Designing for Healthcare: An Interview with Amy Keeler
Interview | February 06, 2018 | Beatriz Sanchez
The healthcare sector is one of the largest and fastest-growing industries of our time. It consumes over 10% of the gross domestic product (GDP) of several developed nations, and it forms a substantial part of a country’s economy1 — which is why it is no surprise a vast amount of capital is going into this market.
From a designer's point of view, designing furniture for healthcare is not exclusively focused on fashion or sales. The healthcare market requires special consideration in functionality — more so than any other sector. Even the development of the arm of a chair can take a whole year — sometimes even longer — before it is ready for production.
In order to understand this a little bit better, Amy Keeler, Industrial Designer at Global, walks us through the process of designing an arm. Keeler uses the loop arm she created for the RIVER II series — which she has been working on for the past year — as the perfect example:
It Needs To Make Sense Visually
The aesthetic of the arm is important because, firstly, it needs to work with the existing series; there should be a similar visual language between the existing pieces and any new additions. And secondly, it needs to fit aesthetically in a healthcare or public environment.
Healthcare Has More Material Requirements Than Other Industries
Materials should be strong and durable — able to withstand high traffic wear and tear, as well as hold up to strong chemicals used in harsh and frequent cleaning. [For example, when we picked the best suited plastic for this arm, we considered factors like] scratch resistance, rigidness, [and capability] to withstand harsh chemicals used in — we don’t want the cap to break down over time.
Pay Special Attention To Feel And Function
More specifically, the ergonomic and comfort — where and how your arm makes contact with the arm cap; where your wrist rest on the front of the arm; the seated space between two arms; how the arm cap feels in your hand; and its height and width. In healthcare applications, there is a wide range of end users who will be making use of the product and it’s important to consider [all of] this. [For us,] the tactile quality of the arm cap was also an important consideration. In contrast to the cold touch often felt from metal, the arm cap should look and feel warmer.
Ability And Infection Control
Any areas where dirt and bacteria can collect and grow are a danger in healthcare design. Healthcare products should be designed without places to catch dirt and germs and [that] can be easily cleaned, [since] they are subjected to various and often harsh chemicals.
[For this arm,] we limited the amount of contact [it] has with other surfaces, creating space around the loop and upholstery for ease of cleaning. Other considerations included the contact points between the arm cap and die cast arm, keeping seams or cracks to a minimum.
Testing should comply with industry standards
The arm is put through a series of strength and durability tests to properly assess its readiness for market. In the US the standards association that defines the testing is BIFMA (the trade association for business and institutional furniture manufacturers).
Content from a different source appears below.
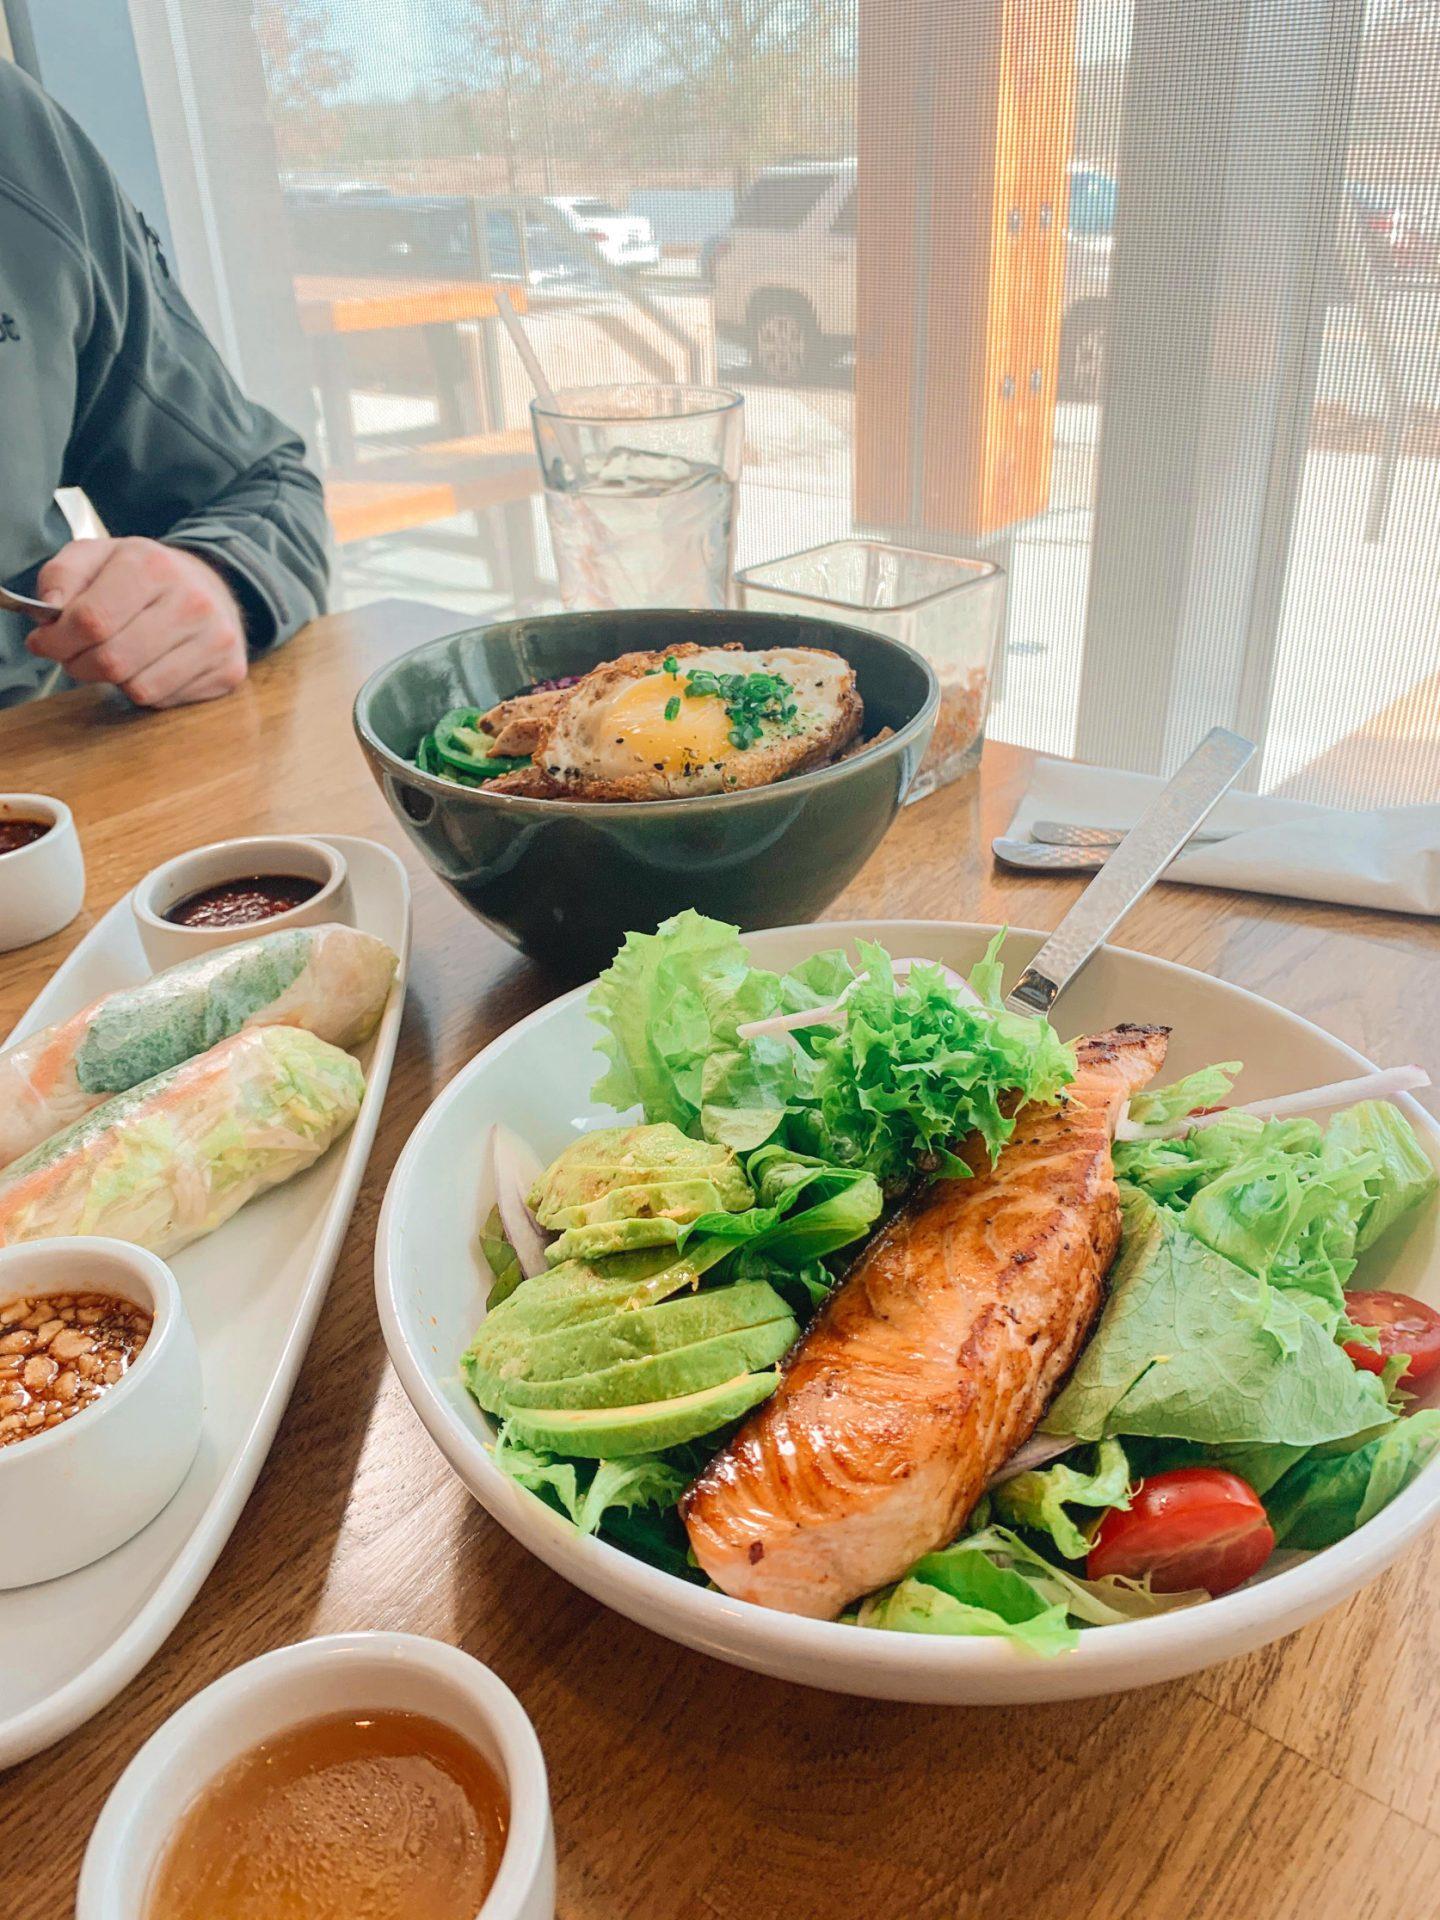 Kingsley, spice, fort mill, South Carolina, restaurant, salmon salad, healthy eating

Based on the industry standards, this particular arm will undergo a series of 4 tests:
Horizontal arm static - a single large force or weight is applied once for a set period of time to the top of the arm.
Vertical arm static - a single large force or weight is applied once for a set period of time to the side of the arm.
Horizontal arm durability (or cycle) - a lesser force or weight is applied repeatedly (50000 to 150000 times) to the top of the arm.
Vertical arm durability (or cycle) - a lesser force or weight is applied repeatedly (50000 to 150000 times) to the side of the arm.
Once the initial tests have been completed we can assess the result and make appropriate changes to the design if necessary. In some case the testing process will be repeated if changes were required. In all, these tests give us an accurate understanding of how the arm will perform in real life situations.
Do Not Forget About The Clean Out Gap
[Our] arm was designed to utilize the clean out gap for its location and connection. The clean out gap allows for any liquids to flow directly to the floor and can be wiped/cleaned by hand. The continuous loop and wide surfaces that make up the arm lend themselves to ease in cleaning. The width also provides good support for the arm in a rested position and grip for the hand when easing in or out of a seated position.